The CIO mindset is often heavily focused on data and software . But keeping a close eye on other factors that play a key role in IT management, such as physical infrastructure and external economic forces, is crucial to the job as well. While computer science training is key, CIOs also benefit from utilizing the guiding principles of engineering such as redundancy, durability and scalability.
Amit Chadha is intimately familiar with how these two perspectives overlap and complement each other. He serves as CEO and managing director of L&T Technology Services, a company that offers engineering research and development (ER&D) services. Trained as an electrical engineer, he has deployed those skills in a range of management and leadership roles. Chadha served as a pivotal advocate during LTTS’s 2016 IPO. The India-based company is now a powerful player in ER&D and boasts some 1,500 patents — many focused on AI applications.
Here, he speaks with InformationWeek contributor Richard Pallardy about how CIOs can deploy engineering principles to make their organizations more functional and resilient.
Engineers often design for long-term durability and scalability. Software development can prioritize speed and iteration. How can CIOs reconcile these conflicting philosophies to make their IT ecosystems more sustainable?

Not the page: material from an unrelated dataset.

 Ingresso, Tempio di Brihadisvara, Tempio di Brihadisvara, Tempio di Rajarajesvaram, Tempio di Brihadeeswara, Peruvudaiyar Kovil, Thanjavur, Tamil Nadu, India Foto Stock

Amit Chadha: Having something long-lasting doesn’t mean that you need to do it slowly. The design intent should be to have it last a long period. The way you design it could be iterative. It could be fast or slow. It could be a buildup. It could be a Waterfall model. It could be an Agile model.
In the new world of AI, with everything getting done in an automated manner, I believe that there’s a lot more that can be achieved with similar resources that we had years ago. Ten or 15 years ago, you would need a lot more servers to get the same throughput or output. I’ve seen CIOs as well as CTOs focusing on the speed as well as the longevity of what they launch.
So achieving speed and longevity has become more feasible in software development, thanks to AI and automation. Do you see these principles also driving physical systems like robotics and transportation? Do CIOs need to be thinking about these advancements when planning for these areas?
Chadha: You’ve got to start thinking about physical AI. You’ve got to start thinking about agentic AI. It will come onto the shop floor fairly quickly. We are seeing a resurgence of industrialization and manufacturing in the U.S. We don’t have enough qualified people. I believe that if we can leverage systems and automation for that, it will go a long way ahead in terms of achieving our ambitions and dreams.
There is a fair degree of training that will need to be provided to the workforce to be able to work these systems. But these are highly autonomous and fairly perceptive systems. [CIOs] should start thinking about digital employees. That’s what we’re doing within LTTS. There is a fair bit of code generation, code testing, use case testing and end user testing that can be done in an automated manner. AI and automation allow you to execute a lot more than you could do otherwise because of either the non-feasibility of compute power or storage, or even the cross-functional leverage that you have today. A lot of systems are built to be standalone. Then you try to put a wrapper around it, and you bridge them in. [We need to] start thinking about multi-point connectivity and exchange of data and actions, so it can become an integrated lot. I believe that AI provides us with the ability to do it. I would ask CIOs to actively think about all of this as they look at the future.
Do you think there are dangers to some CIOs prioritizing software scalability without considering the physical infrastructure that it depends on?
Chadha: Hardware has reached a certain level, and software is catching up. If you look at the kind of investments that the hyperscalers are making on building up AI compute capacity, I think that hardware and software will continue to grow hand in hand. But when you look at software, there’s a definite need to look at the compute power.
We have clients who are working on edge AI. A lot of your decision-making gets done on the edge — it does not need to come back on Wi-Fi or back to the cloud. There’s a micro LLM [large language model] that can make those decisions right there on the edge, so there are different parts of new hardware available that can support the functionality needed. I would look at any functionality as a hardware plus software issue, and not just as a software issue.
Computer science often relies on abstraction to simplify complexity, but engineers have to deal with the realities of very physical constraints. What risks do you think CIOs face when they rely too heavily on abstraction when they’re making decisions?
Chadha: You start with your basic data. The moment you start to build it out and start putting all the assumptions in is when you start to face the problem of abstraction. A lot of these models are based on what you know today. But the market is changing. The compute power is changing. What’s available from third parties is changing. There are times when you make quick decisions because in your mind, it’s a plug-and-play. But the reality could be different — the computer is not available, the data is not available, or the systems are not available. The people that are working the system may not be equipped to handle it. You actually have to walk through it before you make a decision.
Engineers often design systems with failure in mind, creating redundancies and fail-safes. Do you think CIOs should embrace some of that mindset in order to prepare for failure?
Chadha: Absolutely. And they do! I started my life in a data center. I can vouch for it. We made sure that there was a lot of redundancy baked into the solutions. The one place where engineers and CIOs differ is that the CIO thinks hardware is available — it’s the software that makes things tick. An engineer looks at the hardware and the software, because you are working in areas where the hardware may not be readily available. It’s a question of what’s available at that point in time.